In this sense, we have always wondered why the Government in Charge and the G4 parties that support it, never appointed a Military High Command with high ranking officers (who exist and are in exile), deeply knowledgeable of the military problem, capable of designing an institutional rescue strategy to address the many concerns that still exist within the military ranks. This is an eminently civilian -and crucial- step with implications deep within the Armed Forces, and it is something that can be done right now.
However, the political motivations of many existing dinosaurs in the political parties of the 2015 National Assembly have consistently prevented this. They are terrified that something different from them, which they cannot control, may hinder their ambitions for power. They prefer the continuity of the disaster of Castro-Chavismo-Madurism that is affecting the Venezuelan people right now -not by 2024- in hunger and destruction, betting on elections that will never bring them to power, in their absurd desire to coexist with the regime. It must not be forgotten either that many of those who now sit in that National Assembly of 2015 talking about "democracy and freedom", and impede any strategic action for recovery, were accomplices of the conspiracy against President Carlos Andres Perez and indirectly responsible for the creation of the spawn Chavez, destroyer of the Armed Forces.

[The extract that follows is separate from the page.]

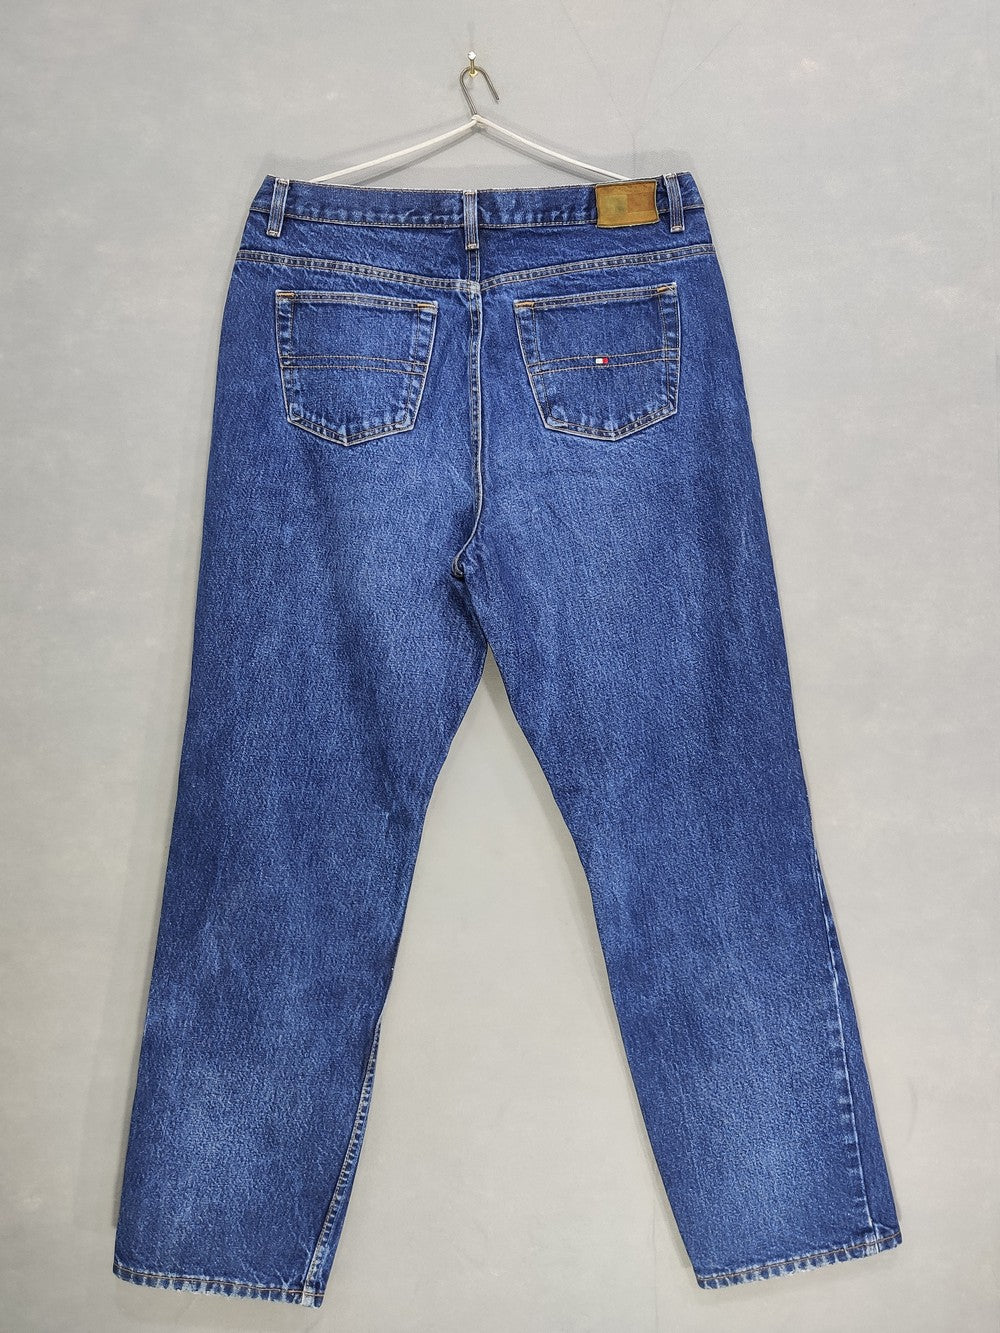 Tommy Hilfiger Branded Original Denim Jeans For Men

What is happening there is not only the responsibility of the Armed Forces. Not in vain the military saying that there would be no incentive for the uniformed officers to leave the regime if the result ends up being to hand over power to individuals worse in corruption and values than those in Miraflores. A much deeper and less superficial analysis must be made about the real reasons why this institution is self-flagellating by letting its worst criminals lead it. It is not enough reason to wield the corruption of the High Command when there are honest middle and high officers, starving like the rest of the Venezuelans.
This in itself represents a much greater calamity than the known destruction of the entire institutionality of the Armed Forces and of the country: that something could be done so that the military can comply with their oath and it is not done. That we continue blaming the military felons, without going deeper into the problem, and without saying a word of encouragement to those who did comply and are imprisoned and tortured; without a condolence to the families of the military who have been murdered in the dungeons of the regime for having fulfilled their part of the deal. If we do that, maybe, just maybe, at some point we will have back the Armed Forces to defend and rescue the country. That is precisely what should be done from now on.